In 2008, researchers from Wageningen University in the Netherlands argued that fertilizers, in effect, fed 48% of the global population.
The Vision foresees that professional farmers and growers will become even more knowledgeable and demanding of nutrient input by 2030.
Return on investment in fertilizers will be even more in focus by 2030. Increasing returns can be achieved by ensuring that farmers and growers apply the right nutrients to their plants at the optimum time.
The importance of all nutrients, including primary nutrients (nitrogen, phosphate and potash), secondary and micronutrients, will be included in all on-farm decision-making in order to maximise efficient plant growth.

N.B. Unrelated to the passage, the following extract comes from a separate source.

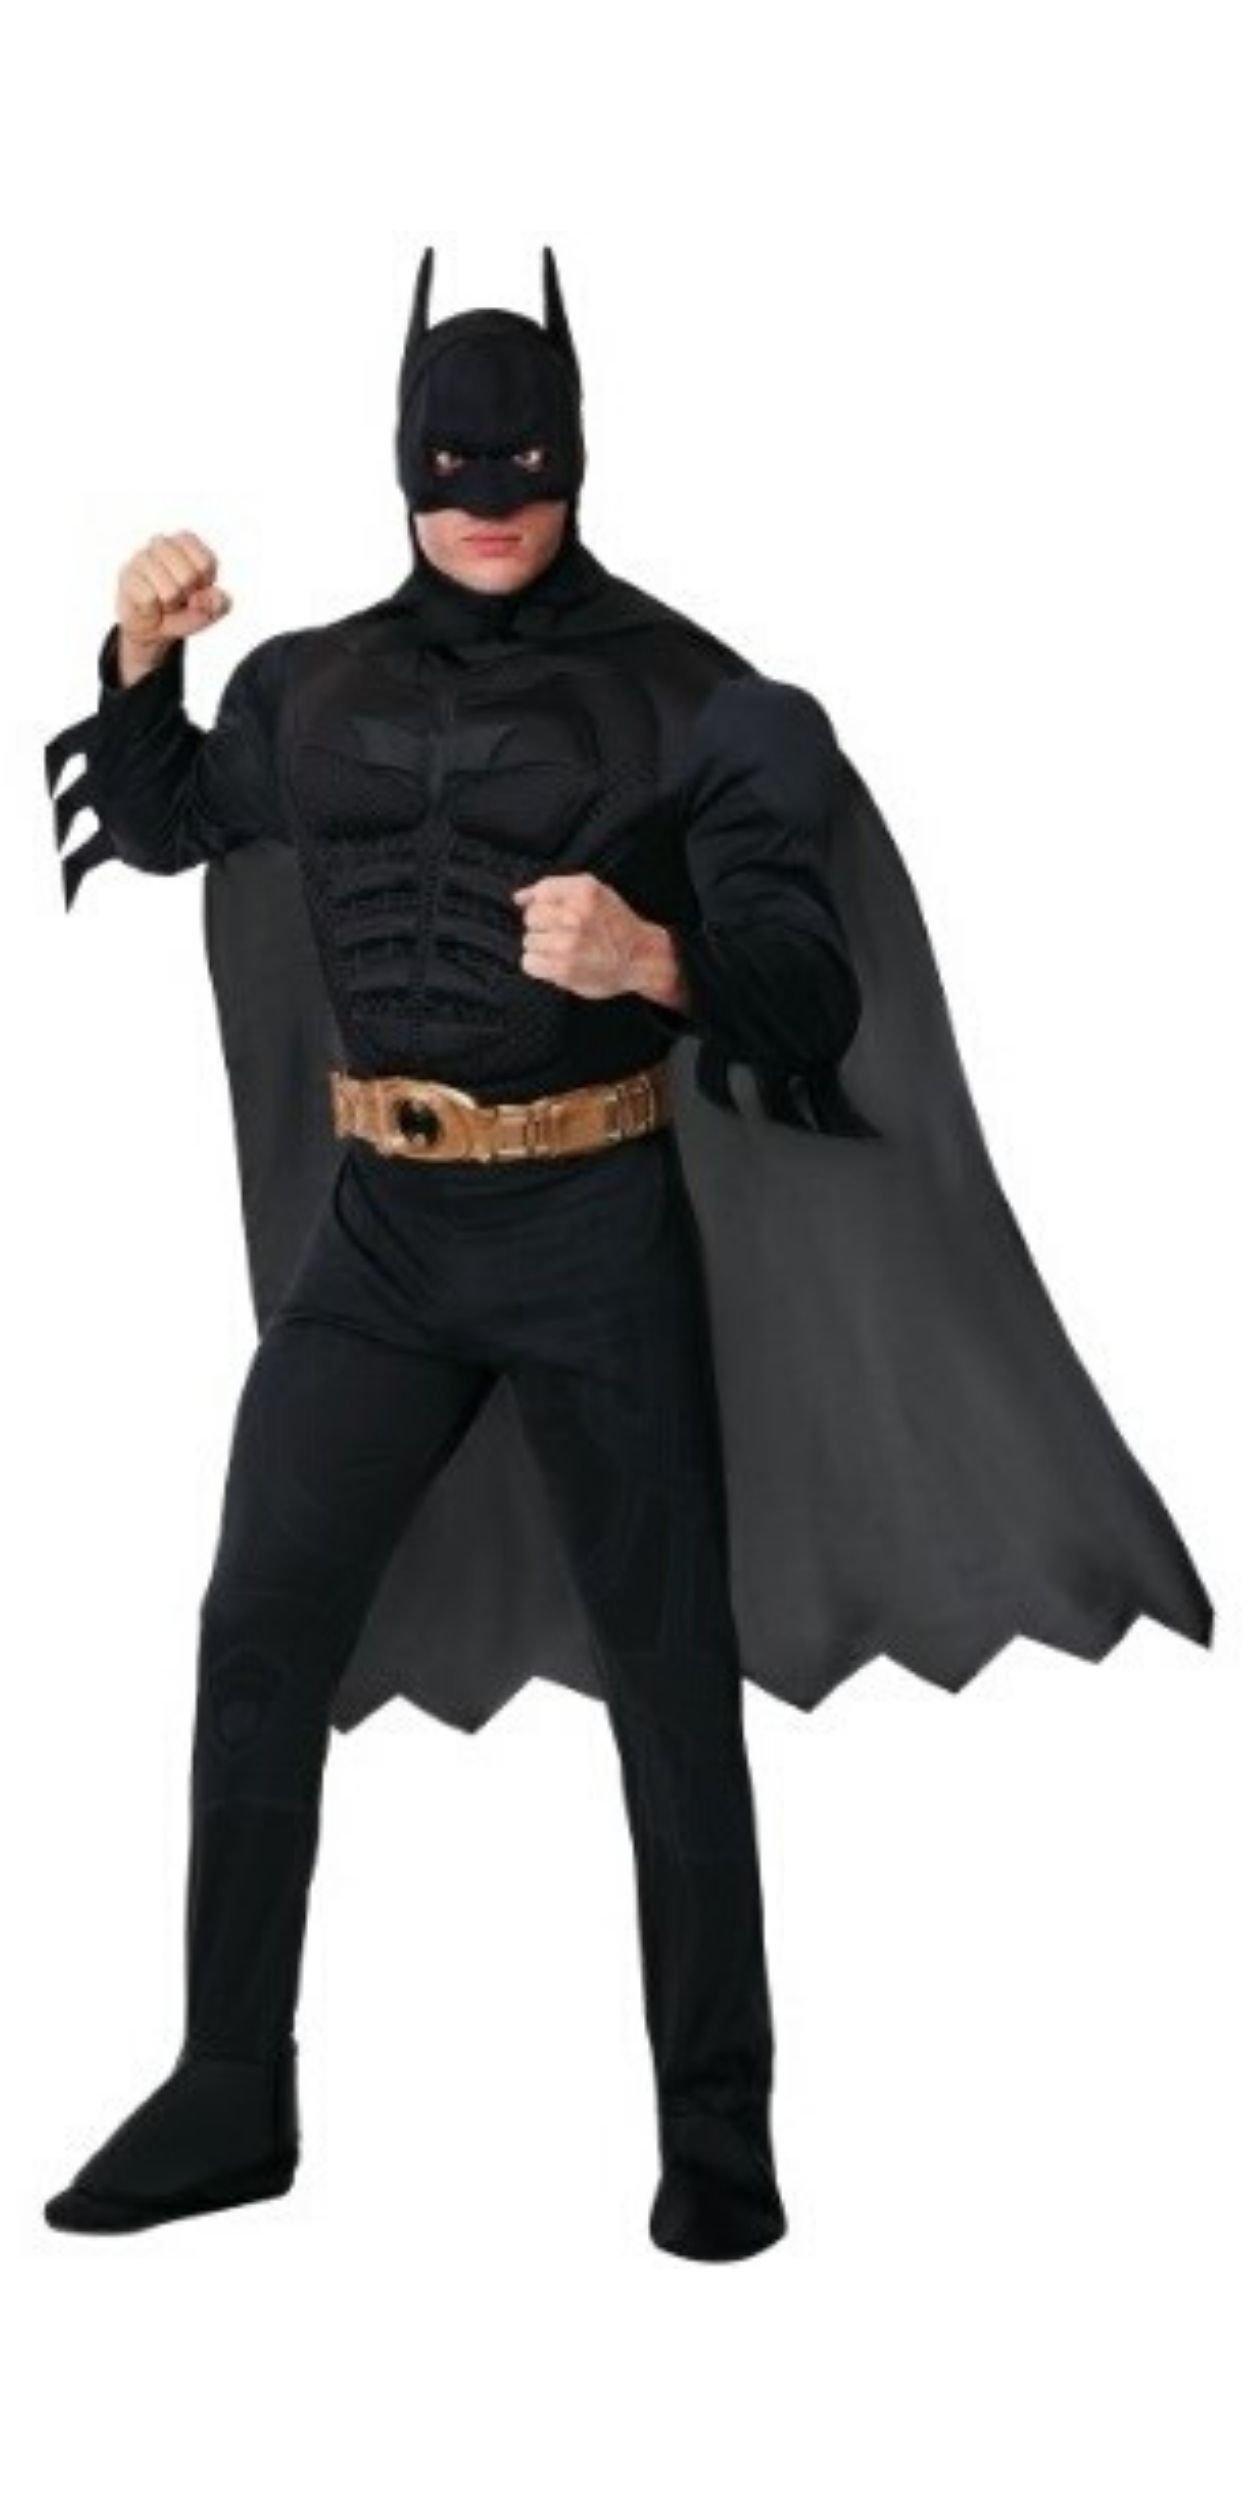 Man in Batman Party Costume

Fertilizer production itself will also face increased regulatory pressure. New rules will limit emissions from production facilities and control wastes and by-products from fertilizer production sites. Producers will focus even more on sustainable techniques and inputs, including raw materials.
A new, better-educated generation of farmers and growers will operate much larger enterprises.